Aside from cooking, you also have to do general ed classes and sanitation. But since you're about to graduate from college, i'm sure you'll be exempt once you send in your transcripts. 

My main reason for choosing LCB was because it was the closest to me. That, and my parents wouldn't dare send their youngest child to live on his own and go to CIA. I've met a lot of new people from all walks of life, some from abroad also. But IMO, I think its all on you. It is your decision because remember, you'll be doing this for the rest of your life. 

Hope this helps.


----------



## peterk (Dec 30, 2006)

i decided to to go C.I.A. after alot of research.


----------



## chefa (May 15, 2007)

I attended one class at LCB and i dropped after that right away ( i got an A though) i have to advice you to stay away from such schools.... honestly stay away, they only care about how they make you pay that is all.... attend reputable school and do your self a favor.

Good luck


----------



## jigz369 (Apr 20, 2007)

i have to advice you to stay away from such schools.... honestly stay away, they only care about how they make you pay that is all.... attend reputable school and do your self a favor.

Attend a reputable school!!!!! Are you nuts? Cordon Bleu (Paris) is still considered the top cooking school in the world! Another thing to consider... no one is interested in a chef with "American training", they all look for "European training". Realize that cooking in Europe is a profession akin to lawyers and doctors in North America, you start training in high school and then go to technical school while you work your apprenticeship. I'm a Canadian chef with European training and I can easily find work world-wide. Take the time to train in Europe, it really is worth the effort and the experience will be an eye opener.


----------



## chefa (May 15, 2007)

no i am not nuts canadian chef !!! i attended a class in LCB in america and it is worth nothing. The only good LCB is the one in Paris and that is all. The franshise they open in the US is worthless.

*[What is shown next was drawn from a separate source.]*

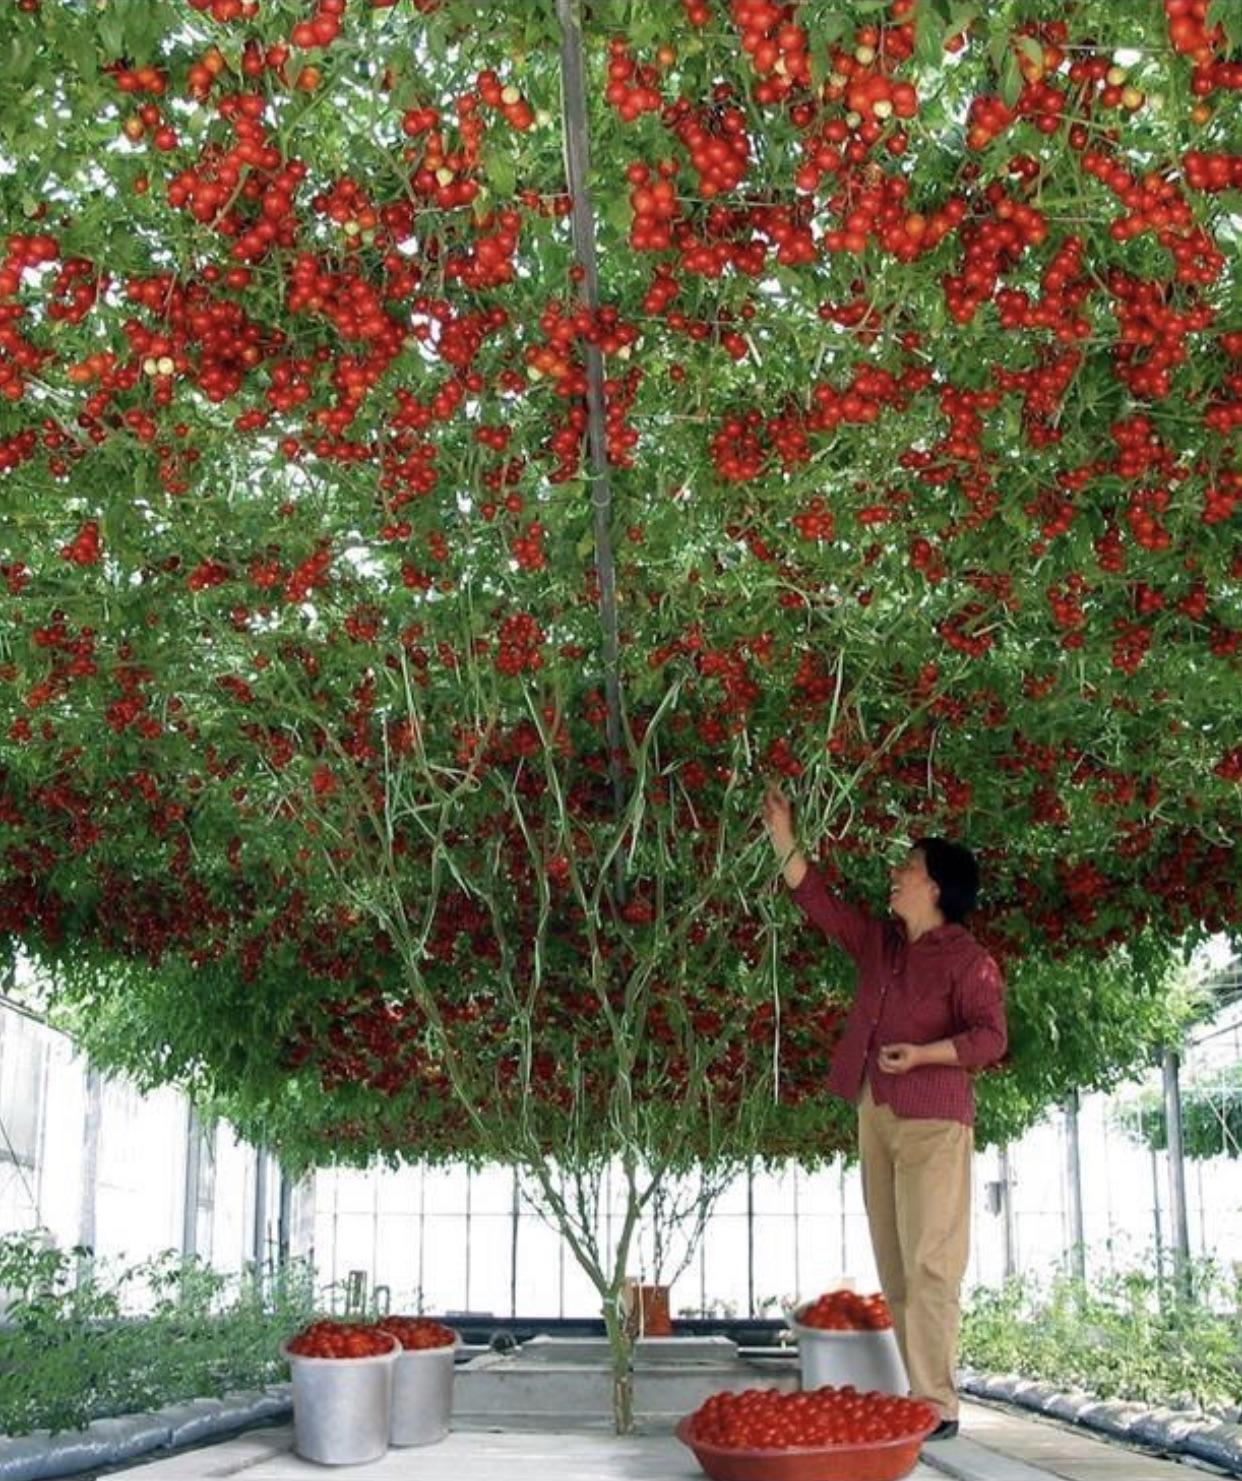 A very bountiful tomato plant.

attend one in the us then allow your self to answer because many stuedents are making the mistake of attending us based LCB so please dont give answer before you have great idea about the LCB in here.

Thanks.


----------



## jigz369 (Apr 20, 2007)

chefA;179917 said:


> no i am not nuts canadian chef !!! i attended a class in LCB in america and it is worth nothing. The only good LCB is the one in Paris and that is all. The franshise they open in the US is worthless.
> 
> I guess you should read my reply. I did state CB (Paris) is still considered the best cooking school in the world. And I am well aware of how ineffective the new CB locations are, London Eng. included.


----------